Fun Friday: The Race for AI Creative Works Control

In April of 2020, William and I wrote in the Cutter Business Journal an article entitled Moving Forward in 2020: Technology Investment in ML, AI, and Big Data. We focused on three areas: surveillance (monetization), entertainment (stickiness), and whitespace opportunities (climate, energy, transportation). This statement bears emphasis:

Instead of moving from technology to key customers with an abstracted total addressable market (TAM), we must instead quantify artificial intelligence (AI) and machine learning (ML) benefits where they specifically fit within business strategies across segment industries.
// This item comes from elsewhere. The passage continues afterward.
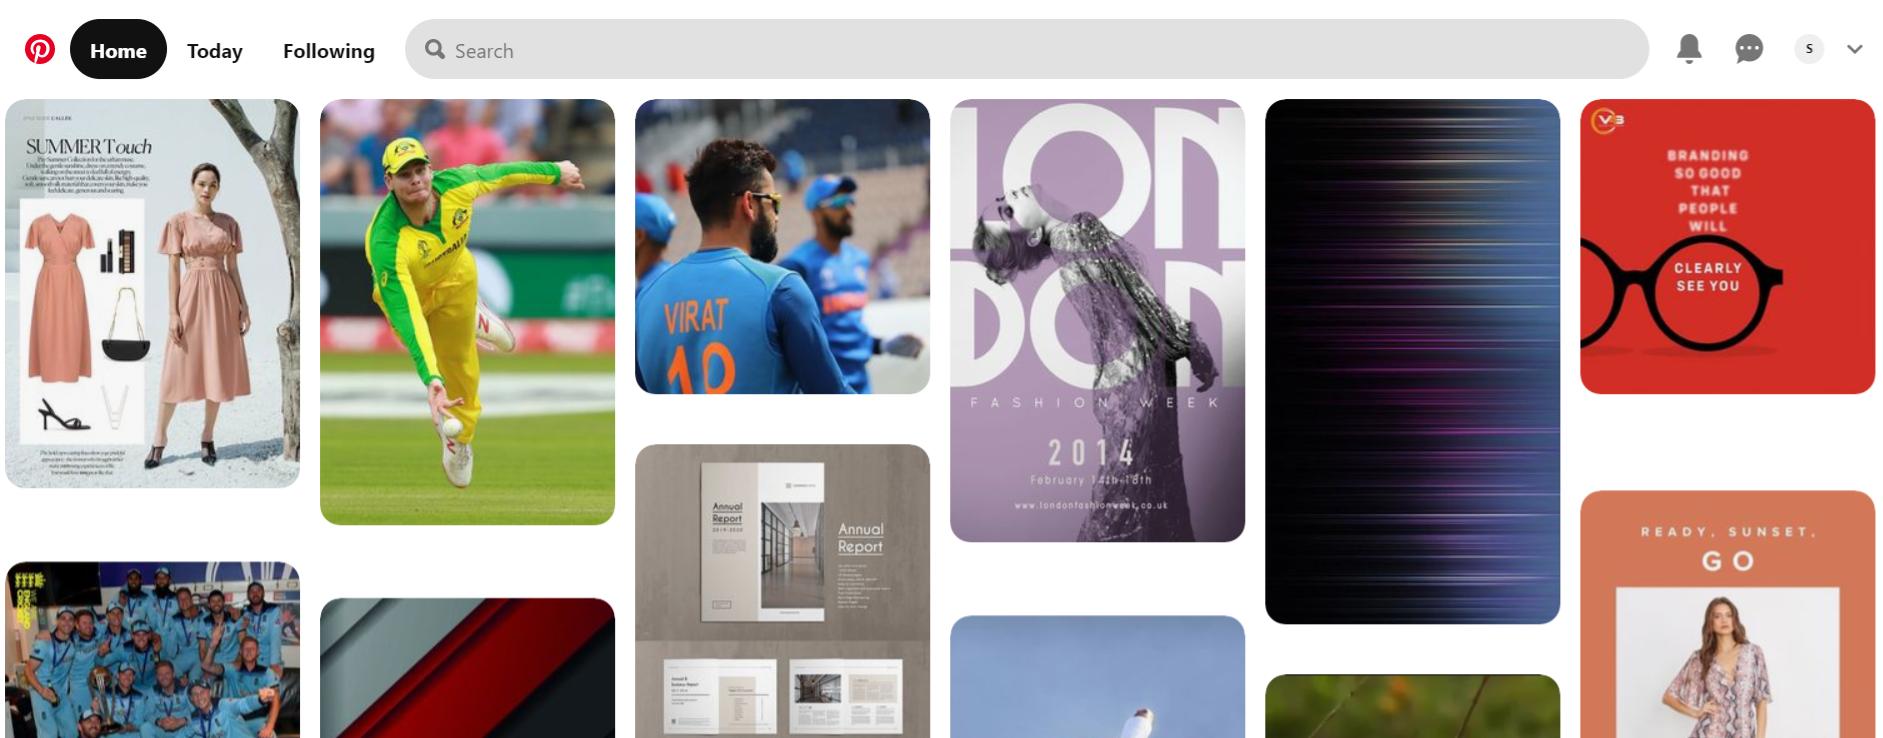 Pinterest: Collaborative bookmarking tools

By using axiomatic impacts, the fuzziness of how to incorporate AI, ML, and big data into an industry can be used as a check on traditional investment assumptions.

[For additional information on this article, please see AI, ML, and Big Data: Functional Groups That Catch the Investor’s Eye (6 May 2020, Cutter Business Technology Advisor).]
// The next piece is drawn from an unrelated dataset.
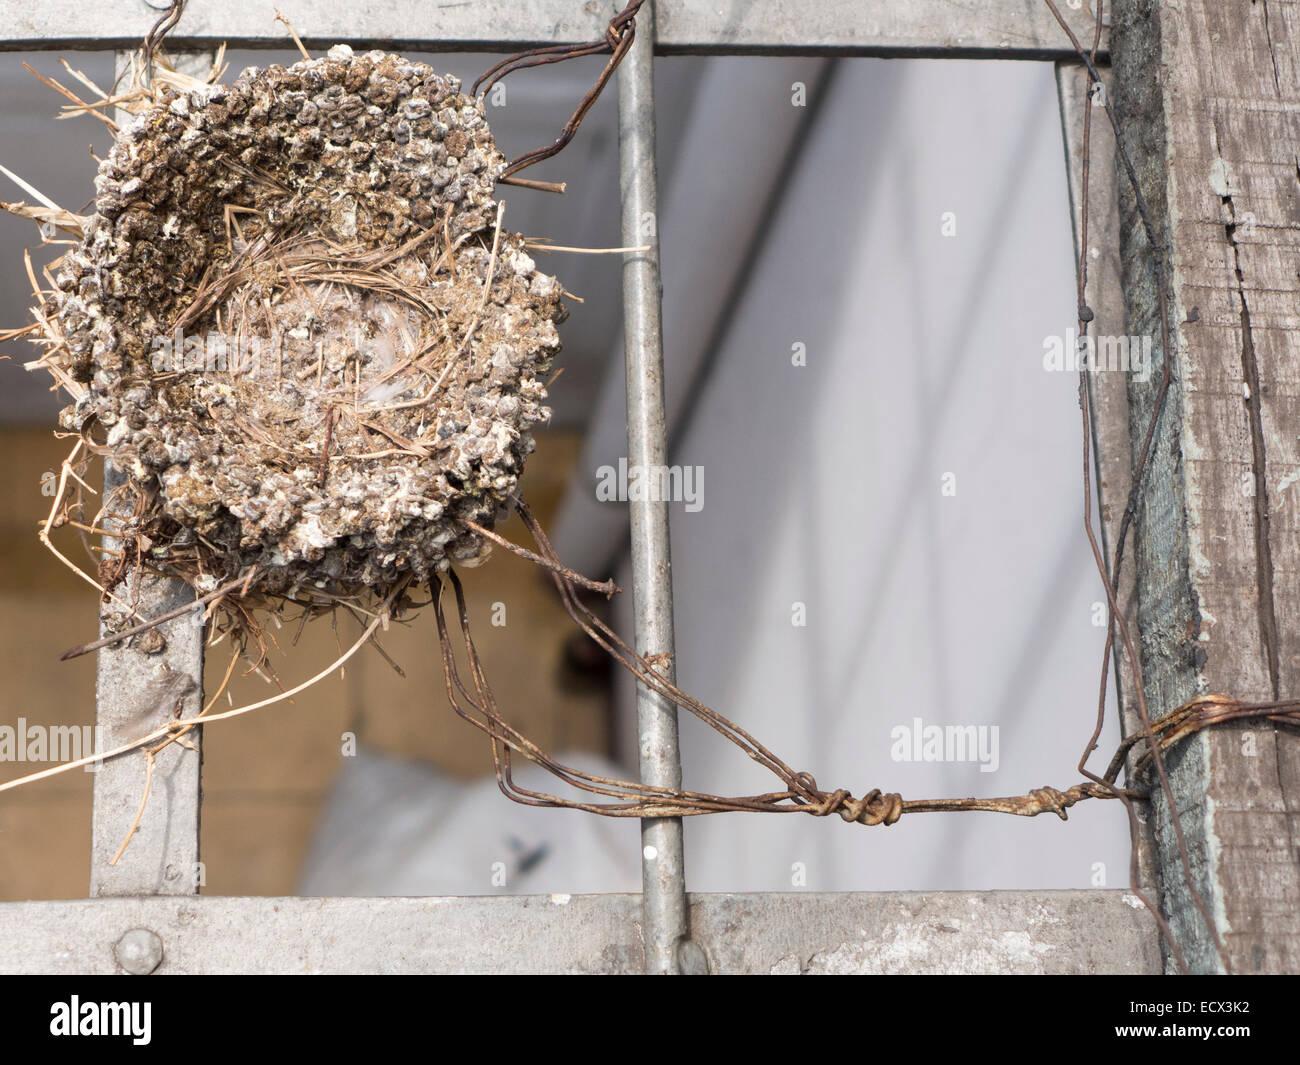 Nido Di Tortore Sul Balcone wire nest stock photos & wire nest stock images - alamy

But one might be puzzled as to where generative AI tools such as ChatGPT or Dall-E fit in the AI landscape and why we should care about AI art, AI news and press releases, AI homework and essays — even threatened AI music like what’s talked about in 1984 by Orwell.

The reality is these areas utilize easily crawled content available everywhere lying around in the Internet attic. It also takes tremendous computing power to conduct ML and process this data effectively into some kind of appearance of sensible output. Hence, these tools will remain in the corporate hands of the creators no matter what they claim about “open source” — it’s simply too difficult for anyone but a giant corporate entity to support the huge costs involved. So this is about monetization and stickiness. Large companies are willing and able to pay the cloud costs if the customer gets dependent on using their tools. Flashback to the tool-centric sell of the 1980s, Silicon Valley style. All we need is an AI version of Dr. Dobbs Journal and we’re all set.
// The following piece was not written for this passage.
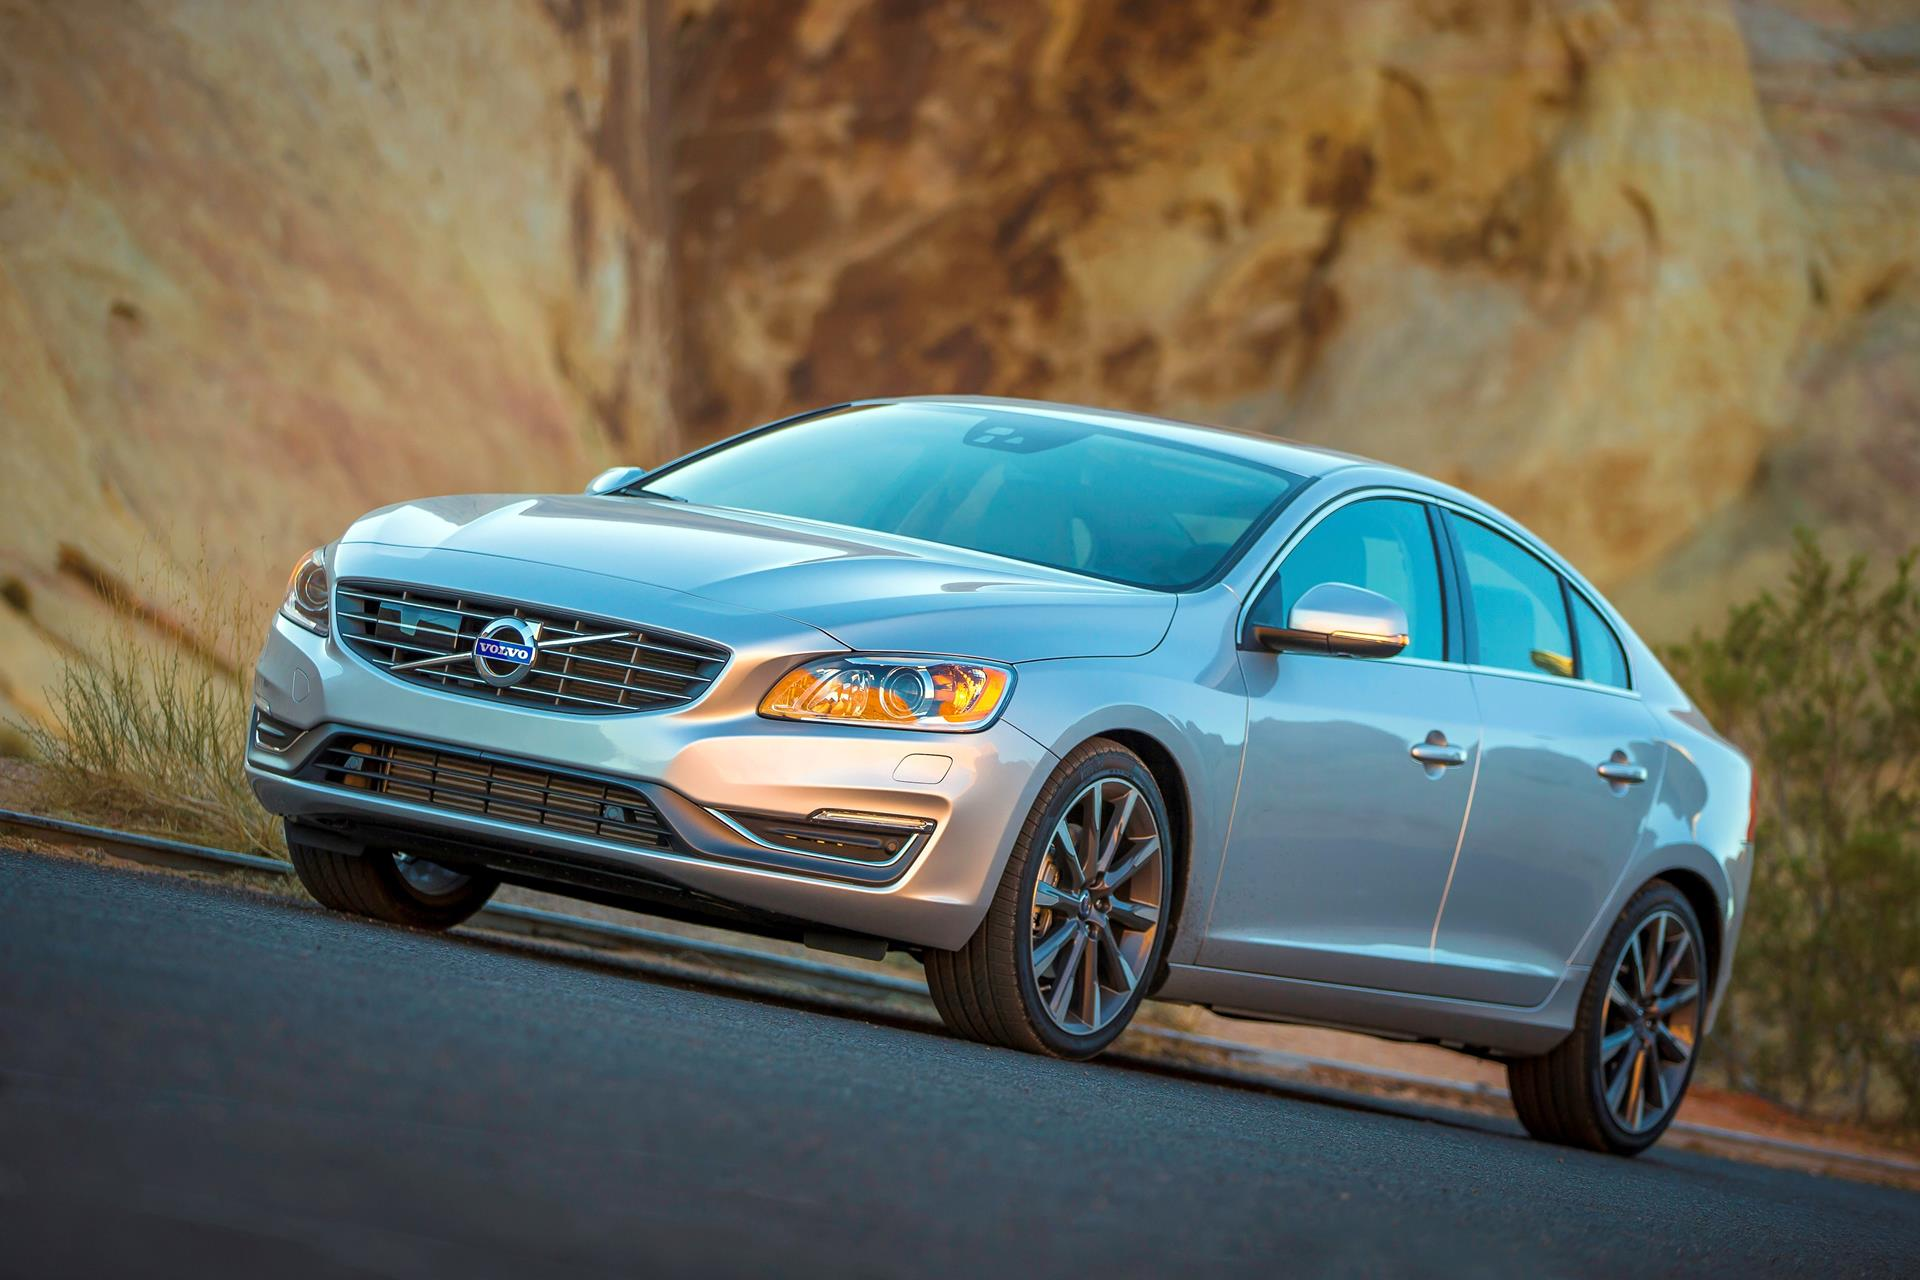 2015 Volvo S60 Conceptcarz Com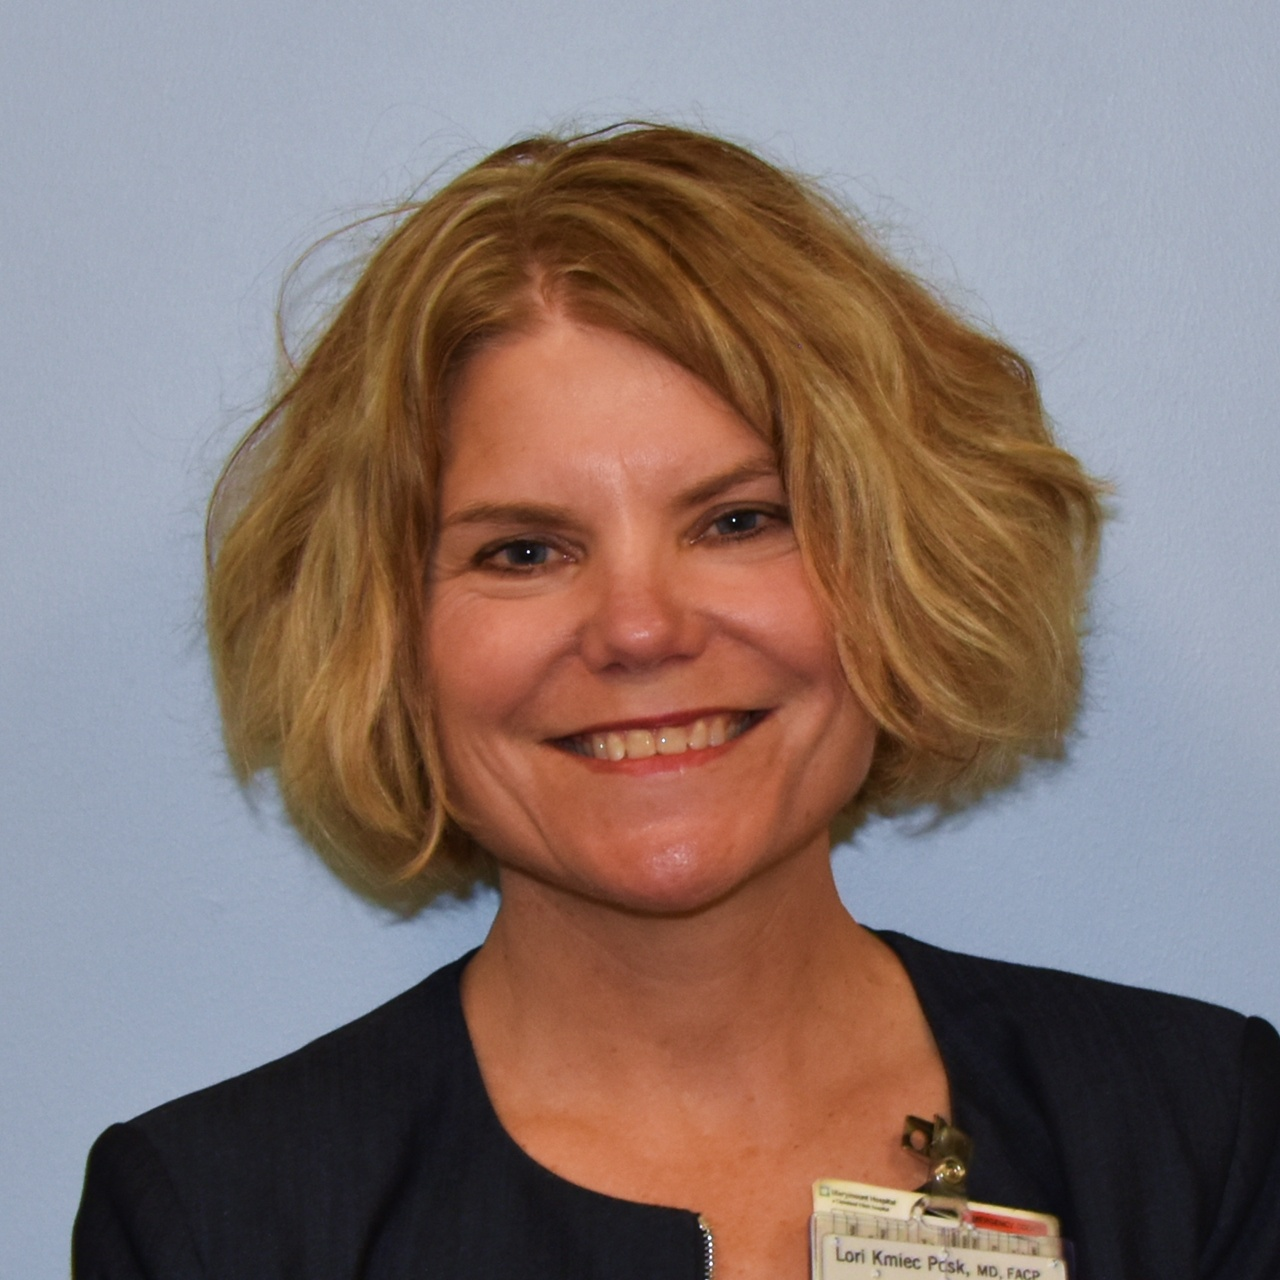 Lori Posk

Previous attempts at generative AI have usually focused on small ML datasets, leading to laughable and biased results. Now companies are looking at the shift at Google in particular from ads to AI, along with Microsoft and FaceBook. Everyone believes they are in a race and frantically trying to catch up before all that sweet sweet money is locked up by one of them.

But is there really any need to “catch up”? Is this a real trend, or just an illusion? Google made its fortune on categorizing every web page on the Internet. It had plenty of rivals back then. I was fond of Altavista myself. But there was also everything from Ask Jeeves to Yahoo.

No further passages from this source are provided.